« Le Père de Nafi », de Mamadou Dia : Le père et l’amer

Dans Le Père de Nafi, Mamadou Dia imagine, dans une ville du Sénégal investie par les islamistes, la confrontation entre deux frères.

Christophe Kantcheff  • 9 juin 2021 abonné·es
« Le Père de Nafi », de Mamadou Dia : Le père et l’amer
© JHR Films

Dans une petite ville du nord du Sénégal, deux frères s’affrontent. D’un côté, Tierno, imam dispensant un islam paisible et des principes d’intégrité ; de l’autre, Ousmane, personnage sans scrupule et nourri de ressentiments, lié aux islamistes. Une opposition que d’aucuns pourraient trouver manichéenne (encore que, lorsqu’il est question d’islamistes, ce reproche-là s’entend moins). Mais pour Mamadou Dia, dont Le Père de Nafi, tourné dans sa ville natale, est le premier long métrage, cette histoire est plausible. Même si le Sénégal en est encore préservé, le Mali voisin est gangrené par le terrorisme. Le cinéaste n’en revient toujours pas : « Il n’y a pas plus pacifique que les Maliens ! » dit-il dans le dossier de presse.

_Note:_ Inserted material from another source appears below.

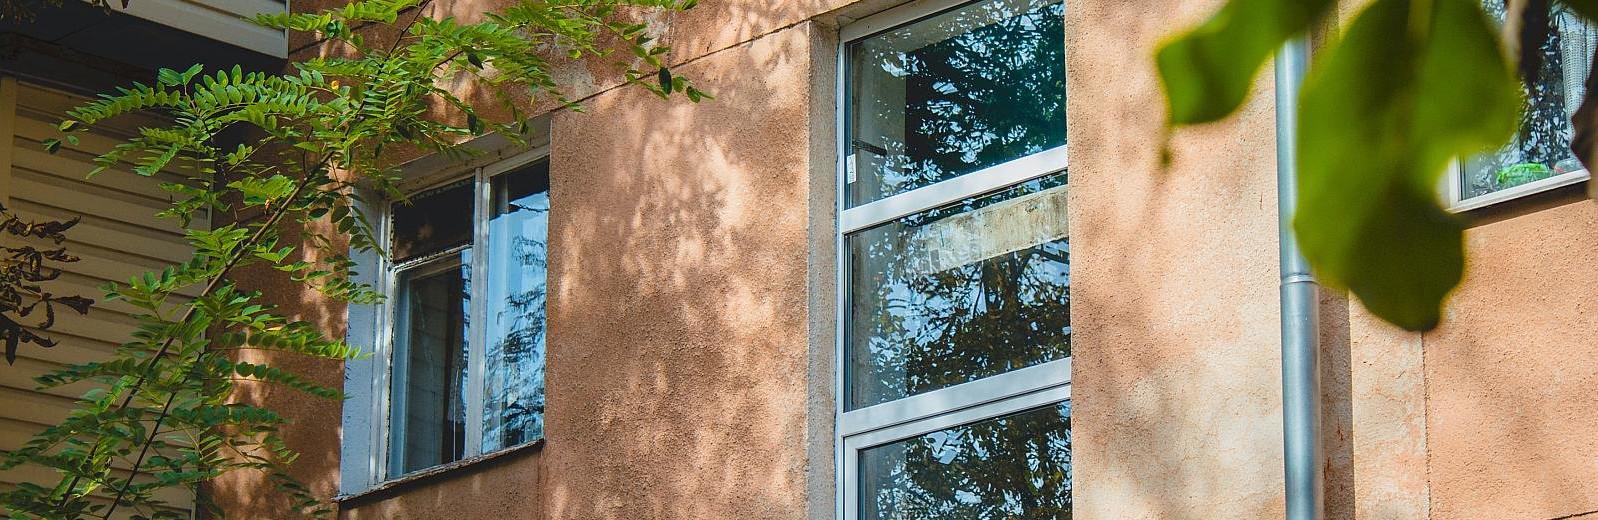 окна при ремонте

Pour les jihadistes, la religion est un leurre camouflant mal le système mafieux qu’ils veulent mettre en place afin d’en tirer pouvoir et profits. Le sens politique que Mamadou Dia donne à son film est sans ambiguïté. Pour autant, le film ne se caractérise pas par sa violence. Ou, plus exactement, la brutalité des uns est contrebalancée par la douceur qui émane de Tierno (Alassane Sy, remarquable dans ce rôle), due à la fois à son esprit de tolérance et à son peu de goût pour le combat, que n’arrange pas la maladie qui l’affecte.

En outre, le film développe des personnages féminins de caractère, qui se dressent contre l’arbitraire. Si le système patriarcal les relègue officiellement au second plan, elles manifestent une autorité et un esprit de rébellion tels qu’elles parviennent à tenir tête aux hommes. C’est particulièrement le cas de Nafi (Aicha Talla), qui trouve son père, Tierno, trop mou et ne transigera pas sur son désir de suivre des études scientifiques dans une université à Dakar, même si elle accepte de se marier, parce qu’elle en est amoureuse, à Tokara (Alassane Ndoye), le fils d’Ousmane (Saikou Lô), dont elle connaît l’influence mortifère et la volonté d’assujettissement.

Le Père de Nafi est une excellente nouvelle venant d’Afrique, plus particulièrement du Sénégal, où, par ailleurs, l’école de cinéma Kourtrajmé, fondée par Ladj Ly en Seine-Saint-Denis, vient d’ouvrir une section, à Dakar. Mamadou Dia a, lui, fait des études de cinéma à New York. Mais le jeune cinéaste n’« américanise » pas son esthétique. Les enseignements qu’il en a tirés, il les met au service d’un rythme, d’une voix, d’une vision qui lui sont propres, et qui font du Père de Nafi un film attachant et singulier.

Le Père de Nafi, Mamadou Dia, 1 h 50.